Keywords: head, neck, cancer pain, neuropathic pain, interventional pain, pain management

1. Introduction

Interventional procedures in the treatment of head and neck cancer (HNC) pain have been proposed in the past 25 years due to the greater knowledge of the mechanisms of action of pain and its physiological and anatomical basis. There has been development of new techniques to treat refractory pain and treatment strategies with an integral view of the problem. In addition to the progress of knowledge and development of techniques and technologies, education and pain medicine certification programs have been developed around the world [1].

Pain and symptoms associated with HNC is a challenge due to the rich innervation and loss of function caused by tumor invasion or by the treatment of cancer [2].

Pain is the first symptom in 20–50% of patients with cancer; however, in patients with HNC, it can become as high as 85%. Of this, 93% are mixed (nociceptive and neuropathic) and 30% are neuropathic pain due to tumor involving tissues or metastatic disease. In up to 85% of patients, pain is the main cause of medical attention [3]. Compared to other types of cancer, the highest incidence of pain in patients with HNC is due to the intense innervation of anatomical structures.

Common neuropathic syndromes associated with cancer are chemotherapy-induced neuropathy, tumor invasion (leptomeningeal metastases), neuralgias (trigeminal neuralgia or postherpetic neuropathy, glossopharyngeal neuralgia), radiculopathies and plexopathies, paraneoplastic sensory neuropathies, Horner’s syndrome, postsurgery neuropathies, and postradiotherapy neuropathies [4, 5].

HNC is generally a disfiguring disease. In addition, it impairs the quality of life (QOL) of patients because it interferes with speech, swallowing, and chewing, the key factors in the patient’s autonomy [6].

Not all HNC patients who have pain are due to cancer. Sometimes, it occurs due to medical or surgical treatment. Some studies report cancer-related pain in 52% of the hospitalized patients, of which 50% was due to surgery and 29% directly related to the tumor [7].

One of the adverse effects associated with HNC treatment is orofacial pain. Oral mucositis is the most frequent complaint impairing the QOL of the patient. This is mediated by elevated inflammatory factors, which play a central role in the activation of cytokines, such as TNF-α, that is known to be involved in mediation of neuropathic pain and hyperalgesia. Combined chemotherapy and radiation therapy results in increased frequency, severity and duration of mucositis.

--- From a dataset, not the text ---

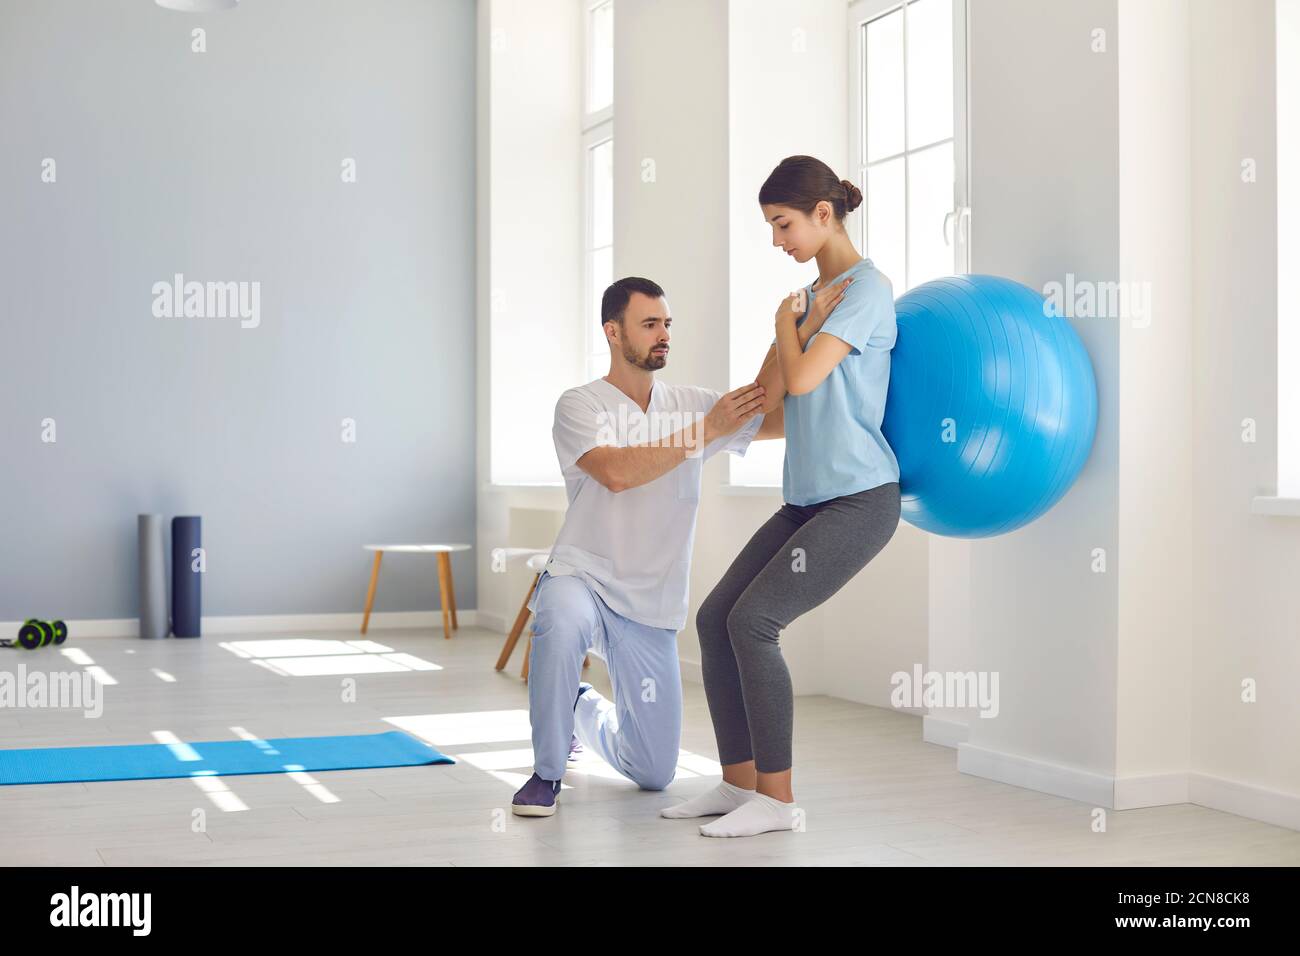 Physiotherapist helping young woman recover from back injury using big soft ball Stock Photo

The treatment given to patients with HNC represents an important impact on the development of pain and the magnitude of it [7, 2].

Radiotherapy is another important cause of pain in HNC, because it creates a hypoxic environment, and hypoxic nerves are more vulnerable to neuropathic pain. In long term, chronic hypoxia leads to fibrosis in perineural tissues and causes late onset neuropathic pain, even in cancer-free survivors [7, 2].

Approximately 50% of HNC patients report orofacial pain before radiation therapy, 81% during, and 70% at the completion of treatment. Thirty-six percent of HNC patients report pain after 6 months of treatment, and 30% experience pain beyond 6 months.The severity of pain varies among different disease sites and over the treatment course [8]. Pain intensity usually stays the highest during disease treatment (surgery, chemotherapy, radiotherapy) and may take 6 months or more to reach initial levels (pre-treatment).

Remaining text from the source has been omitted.